European Energy Risk Index (EERI)

Historical snapshot for May 27, 2026

European Energy Risk Index:
22 / 100 (MODERATE)
0 = minimal risk · 100 = extreme systemic stress
7-Day Trend: (+5)
Date Computed: May 28, 2026 at 01:31 UTC

Primary Risk Drivers:

  • Shrinking Oil Inventories Raise Fears of Prolonged Energy Crisis
  • Mozambique Contests TotalEnergies' $2 Billion Cost from LNG Project Delay
  • How badly is Europe affected by fertiliser shortages due to the Iran war?

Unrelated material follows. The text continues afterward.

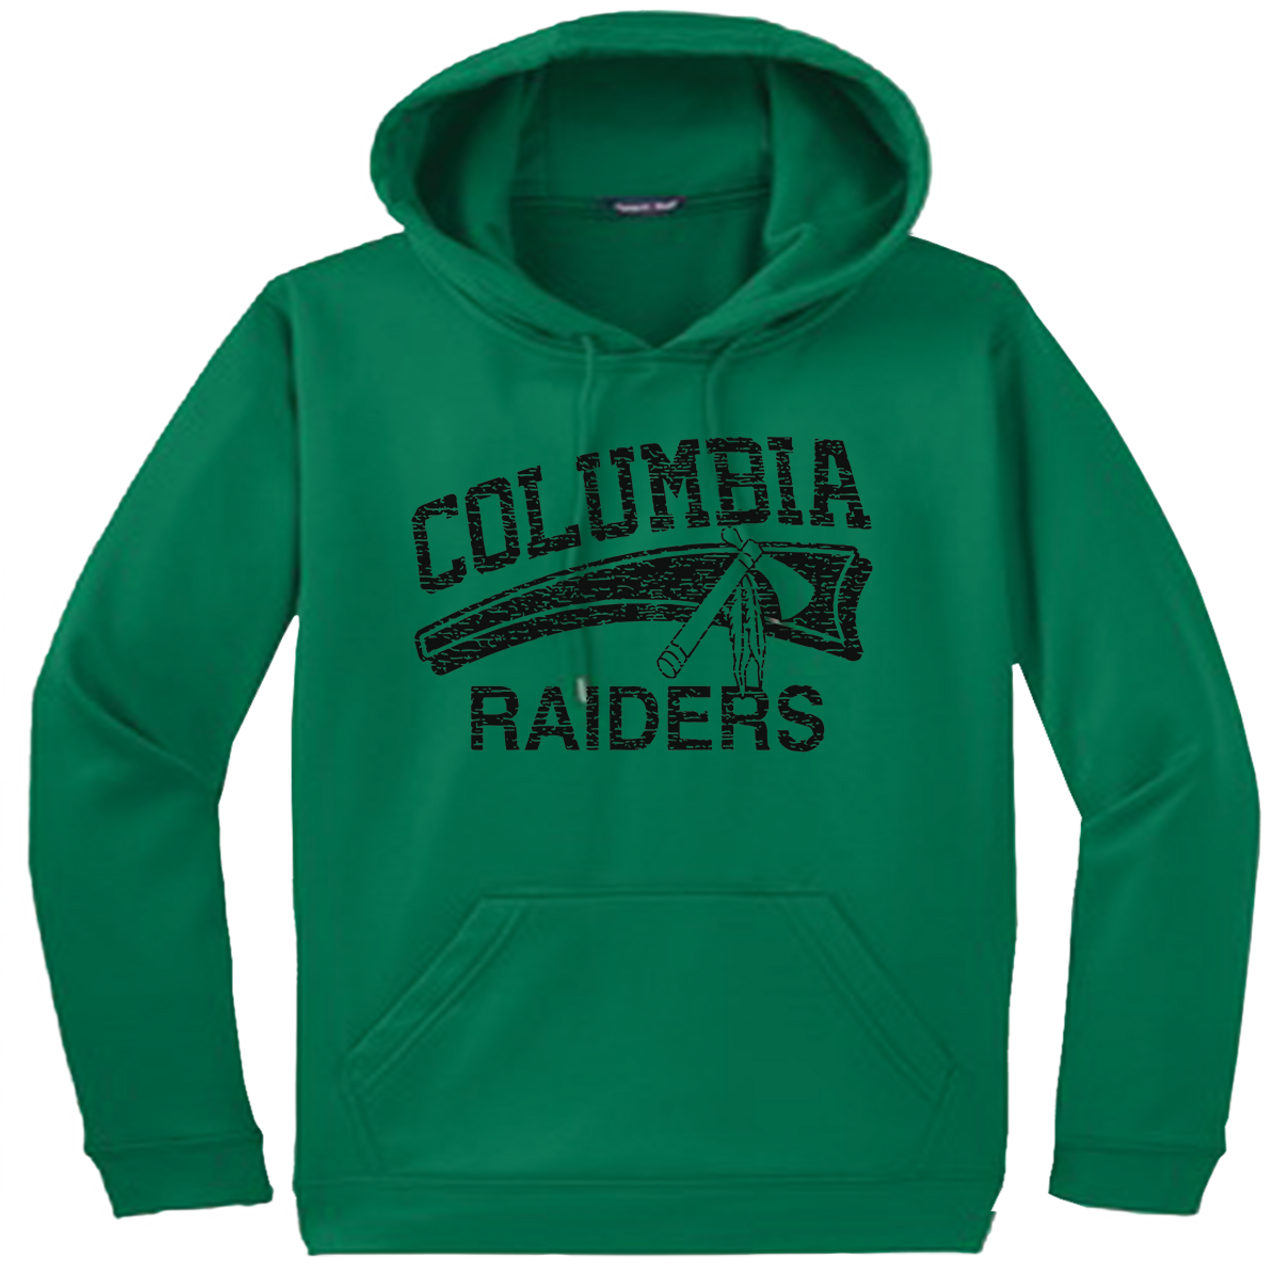 raiders performance hoodie

(Based on recent EnergyRiskIQ alerts) View alerts →

Top Regions Under Pressure:

  • Europe (Primary)
  • Black Sea (Secondary)
  • Middle East (Tertiary)

Assets Most Affected:

Natural GasCrude Oil

Today’s European Energy Risk Index points to a moderate level of structural stress across the continent’s energy markets, underscoring the need for vigilant but not extraordinary monitoring. The risk band reflects persistent but manageable pressures on oil and gas flows, with no acute asset-level transmission stress but a notable uptick in regional contagion factors. For market participants, the implications are clear: while immediate disruptions are not overwhelming, the underlying fragility—particularly in oil inventories and geopolitical supply chains—demands careful attention. European industries and consumers may face increased volatility in pricing and supply reliability, especially as the continent navigates the ongoing impacts of the Iran war and related disruptions.

Delving into the day’s headline drivers, the shrinking oil inventories across Europe are amplifying fears of a prolonged energy crisis. This is further complicated by the Iran war’s ripple effects, such as the first-ever shipment of Strategic Petroleum Reserve oil to California—a stark indicator of global supply chain stress that could reverberate through European markets. The contestation by Mozambique over TotalEnergies’ $2 billion cost from LNG project delays signals deeper uncertainties in alternative gas supply routes, potentially limiting Europe’s ability to diversify away from its traditional suppliers. Meanwhile, the fertiliser shortages linked to the Iran conflict are beginning to affect European agriculture, hinting at broader economic consequences that extend beyond energy markets. The currency volatility, particularly the yen’s struggles amid Iran tensions, adds another layer of complexity, as exchange rate instability can impact energy trading and contract settlements across Europe.

Looking ahead, market professionals should closely monitor developments in the Iran war and their cascading effects on global energy flows. The onset of summer, typically associated with higher demand for cooling and transportation fuels, could exacerbate inventory tightness and price volatility. Any escalation in the Iran conflict or further delays in LNG projects—such as those in Mozambique—would heighten contagion risks and potentially push the risk index higher. Conversely, diplomatic breakthroughs or accelerated restoration of supply chains could provide relief, though such outcomes currently appear uncertain.